Some fund managers hold a neutral attitude and remind investors to pay attention to risks, keep a calm mind, and never chase the rise or fall.

Zhang Ziquan said that from a quantitative perspective, the market capitalization style has become one of the most important styles in the A-share market. The biggest feature of the style factor is that its future short-term strength is difficult to predict. But whether it is an overseas mature market or an A-share market, because small-cap stocks contain more liquidity risks than large-cap stocks, small-cap stocks have a higher risk premium than larger-cap stocks in the long run. and returns. Small and medium-cap funds can use portfolio investment , diversified investment and other means to help ordinary investors invest in small and medium-cap stocks under the premise of controllable risks.

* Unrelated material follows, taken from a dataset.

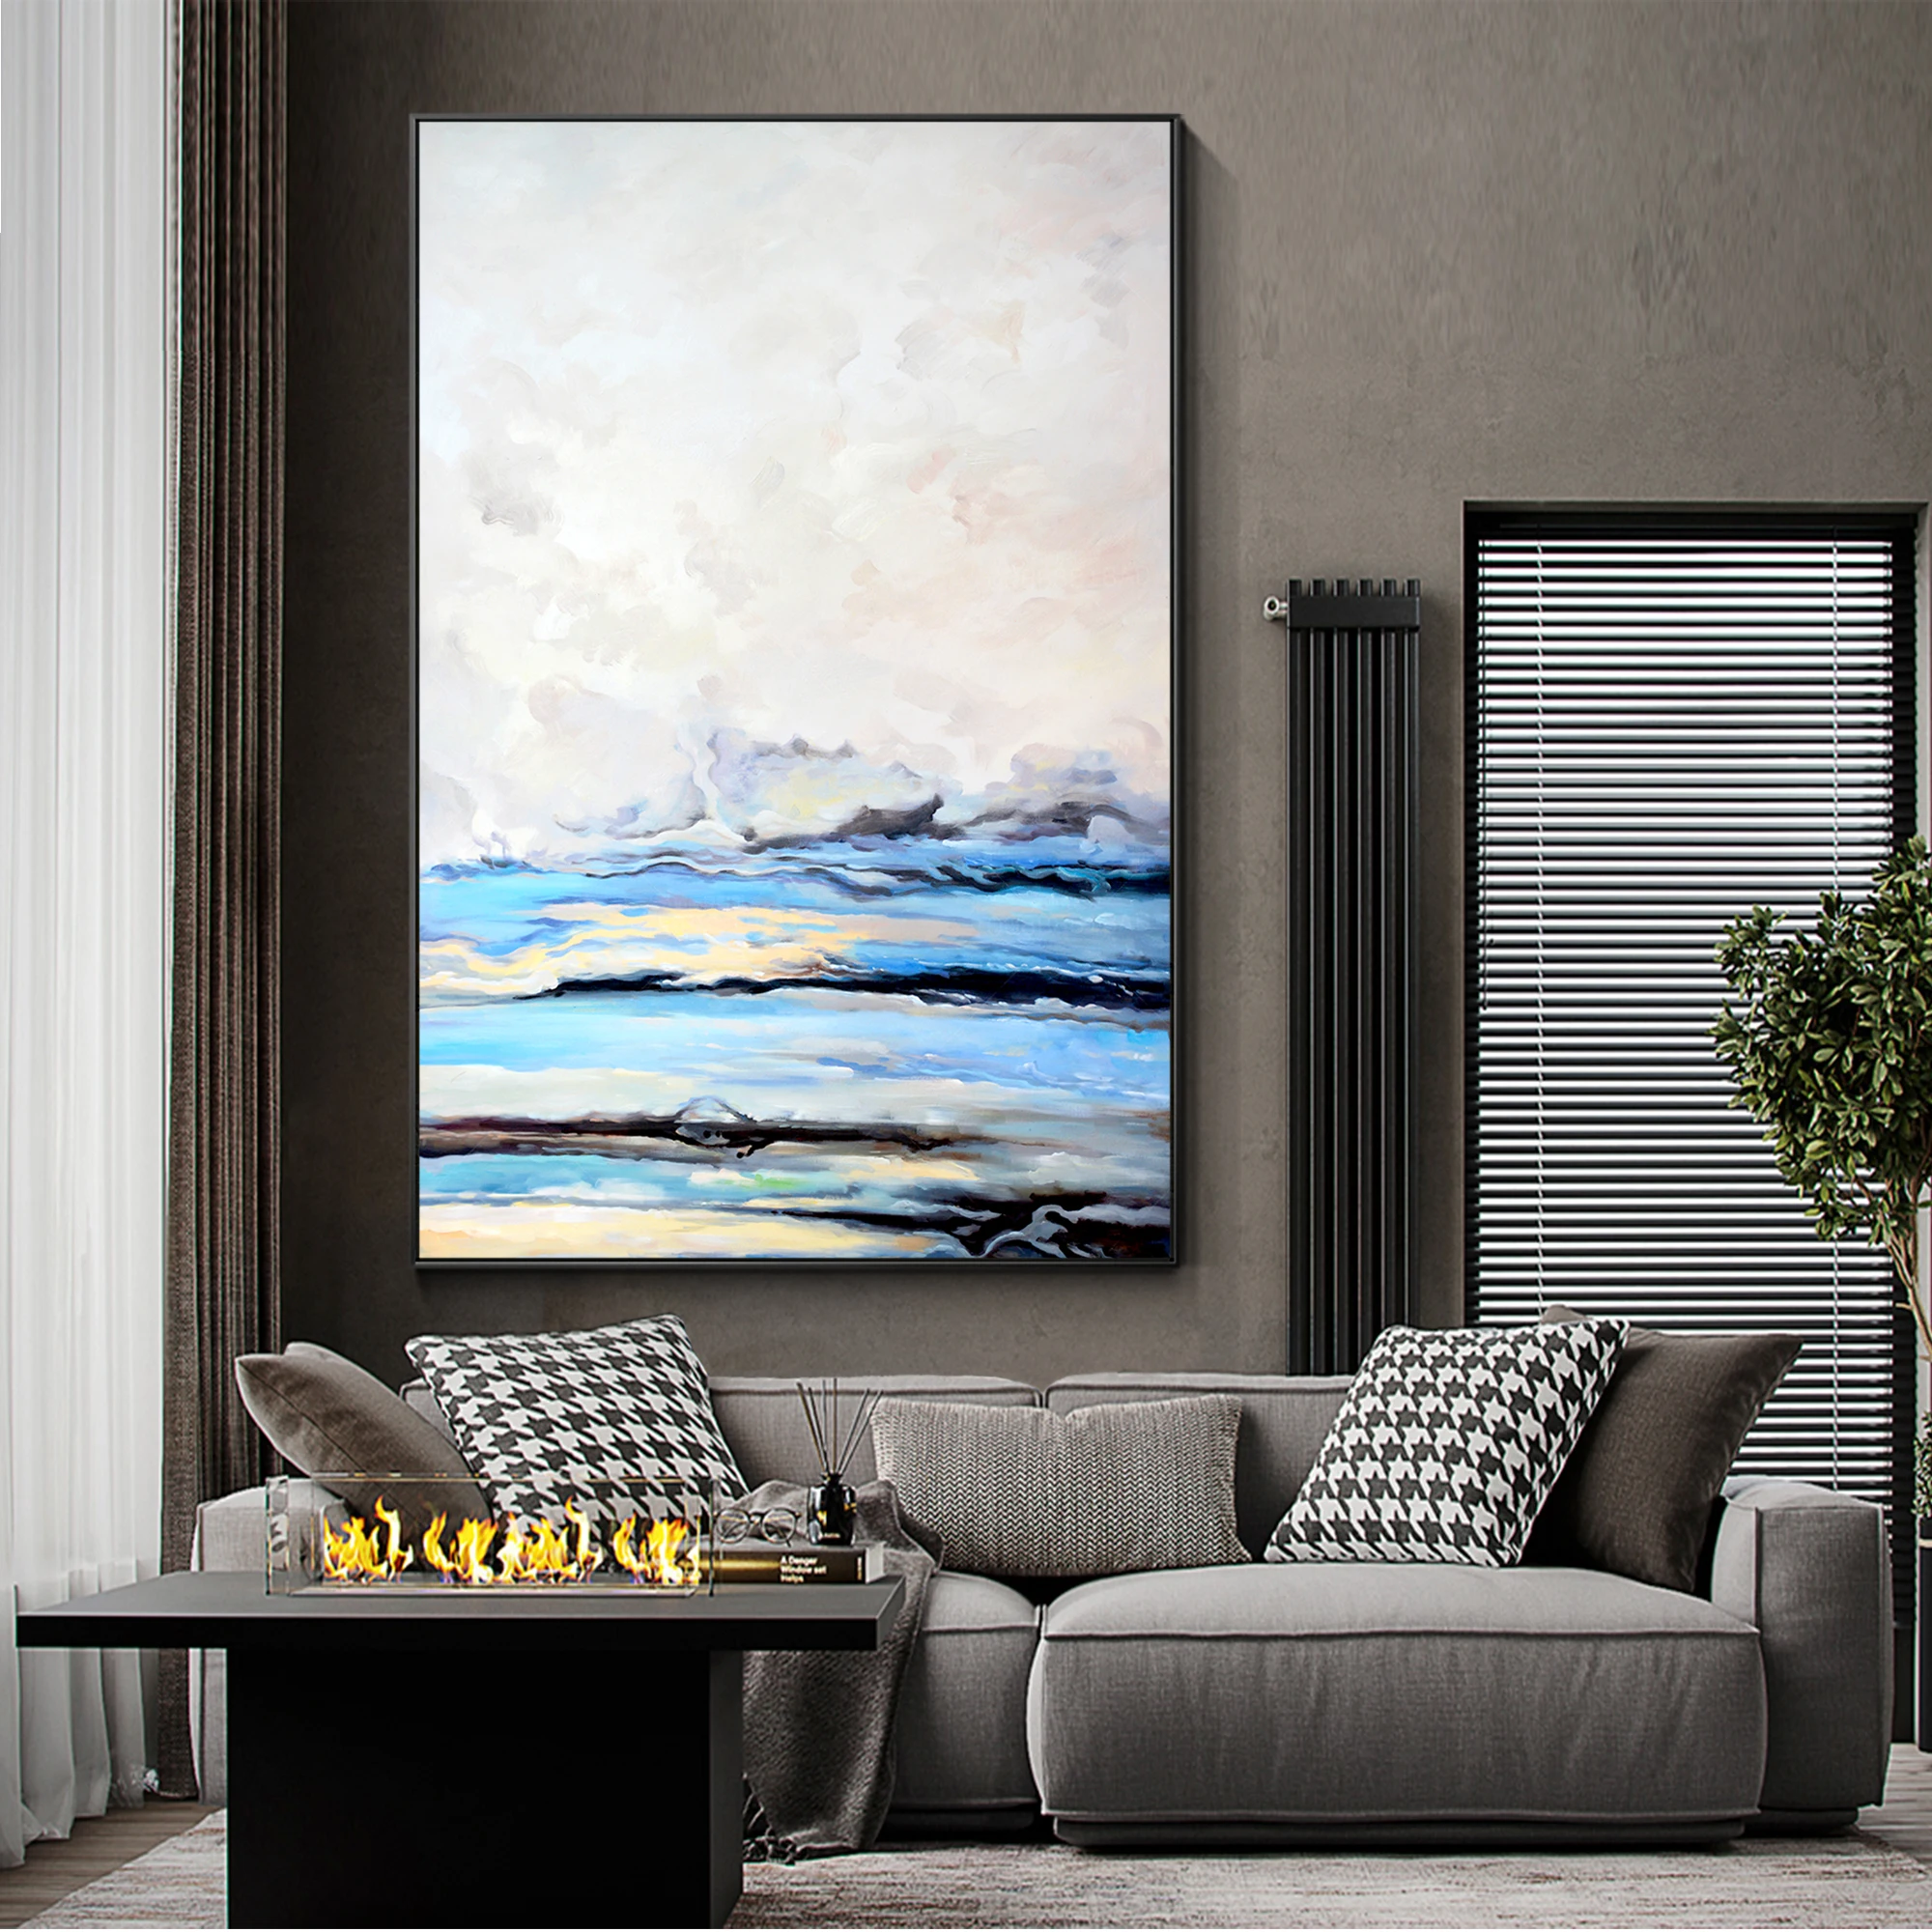 

Sky Blue White Cloud Abstract Original Painting on Canvas, Landscape Painting, Livingroom Bedroom Lounge Modern Framed Wall Art

Overall, the main background for the rebound since the end of April is the improvement of the epidemic and economic recovery. The biggest impact of this round of epidemic is on private enterprises and small and medium-sized enterprises. Therefore, these enterprises have also become the direction of intensive policy protection and support, and there are relatively strong expectations for improvement in the future. Li Zhetong said frankly to Hexun Finance that it can be said that small and medium-sized private technology enterprises, specialized special new , will be the core of the A-share market in the next 5-10 years. If the A-share market develops in a healthy way in the future along with the development of the national economy, then these companies must have contributed important forces, and their market performance will most likely be better. Investors can layout this part of the market opportunities through the CSI 1000 Index.

"Looking backward, we also believe that we have the foundation for such a long-term bull market. Therefore, we recommend choosing excellent small and mid-cap growth stocks from a fundamental perspective, and we also recommend that the impact of valuation should be properly considered. In terms of layout time , maybe when the mood is very optimistic, you need to wait a little. Due to the elasticity of small and medium-sized stocks, many stocks may reach the premium range within a few weeks, and following the trend may require higher buying costs. On the contrary, if you buy when the style suffers periodic setbacks, the certainty of returns may be greater," Xie Yi said.